Have you heard about the angry chef? He beat his children

Why did the monkey fall off? It had no more lives. Why did the second monkey fall off? I dunno. Why did the third monkey fall off? Since the second was unknown, the third does not exist. Why did the little girl died? It's pretty obvious.

how hungry am i? well im as hungry a starving kid in africa!!!!

What's more painful than having your girlfriend cheat on you and leave you? Having your **** bitten off slowly.

why did Rebecca black get down on Fridays? because she had school every other day of the week.

The man decides to jump off the bridge and decides to make one last phone call. "Hello, Jane, this is Doug. I just wanted to let you know, from the bottom of my heart, that I love you." Person on the phone says "This is not Jane, this is Joe." "Oh, hi, Joe. Could you just tell your wife what I said. Bye." The man continues to jump down the bridge and swims with his beautiful girlfriend. They all had a great day.

What did the boy with asthma say to his friend I can't breath

this joke is funny so dont read the rest even though there is no rest

what did the cerial killer get for christmas an electric chair

anti joke What are Antijokes? Anti Jokes (or Anti Humor) is a type of comedy in which the uses is set up to expect a typical joke setup however the joke ends with such anticlimax that it becomes funny in its own right. The lack of punchline is the punchline.

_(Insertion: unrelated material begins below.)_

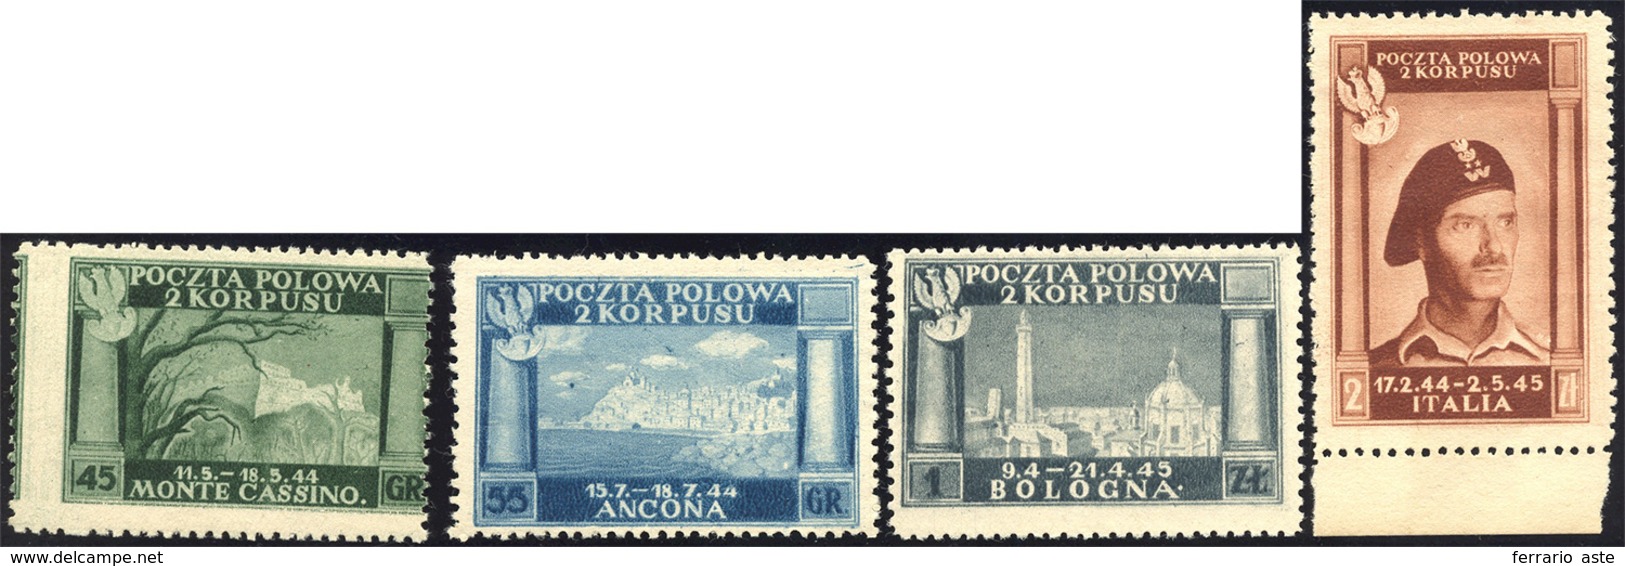 1538 1946 - Vittorie Polacche, Carta Bianca (5/8), Senza Gomma Come Sempre, Perfetti.... - 1946-47 Corpo Polacco Period

the story of the two kings, bourne and brendan They were numbercrunching hardcore one night in the hills of arathi basin when the mailbrethren gave them a message from the almighty rogue of orgimar. This rogue challenged the two kings, codenames as follows: bourne (hunt cair) and brendan (worgensRsick). obviously bourne was a ret pally and brendan was a holy priest, representing the alliance faction because they dont belive in the corrupt (actual quote from J3b, "the kitty slayer tauren"). The duel would take place in the arena of hyjal, a place where heat blows from below, and sucks hard. Hyjal was once a place where the almighty druids had meetings of total epicness and made love in the flowers. Of course, taurens were very attracted to the mentally ill cows, and created j3b's character, foulmeat. When the two kings arrived, the rogue was actually in stealth, a goblin subtley rogue of vast strength and agil. His resil rating was at an astonishing 89k rating. He made n00bs spooge over their keyboards. The epic duel began when the rogue sapped both kings and ambushed bourne. Bourne legacy was hurt badly and had 15% health. Brendan's step brother came in and surprised attacked the rogue and took him to half health. his name was dalyquestsbedone. But all of a sudden, the world of azeroth was sucked in by the depths of the maelastrom of deathwing, and everyone died. All the players relogged and did it all over again. ˜´??

Anti Joke

What are Antijokes? Anti Jokes (or Anti Humor) is a type of comedy in which the uses is set up to expect a typical joke setup however the joke ends with such anticlimax that it becomes funny in its own right. The lack of punchline is the punchline.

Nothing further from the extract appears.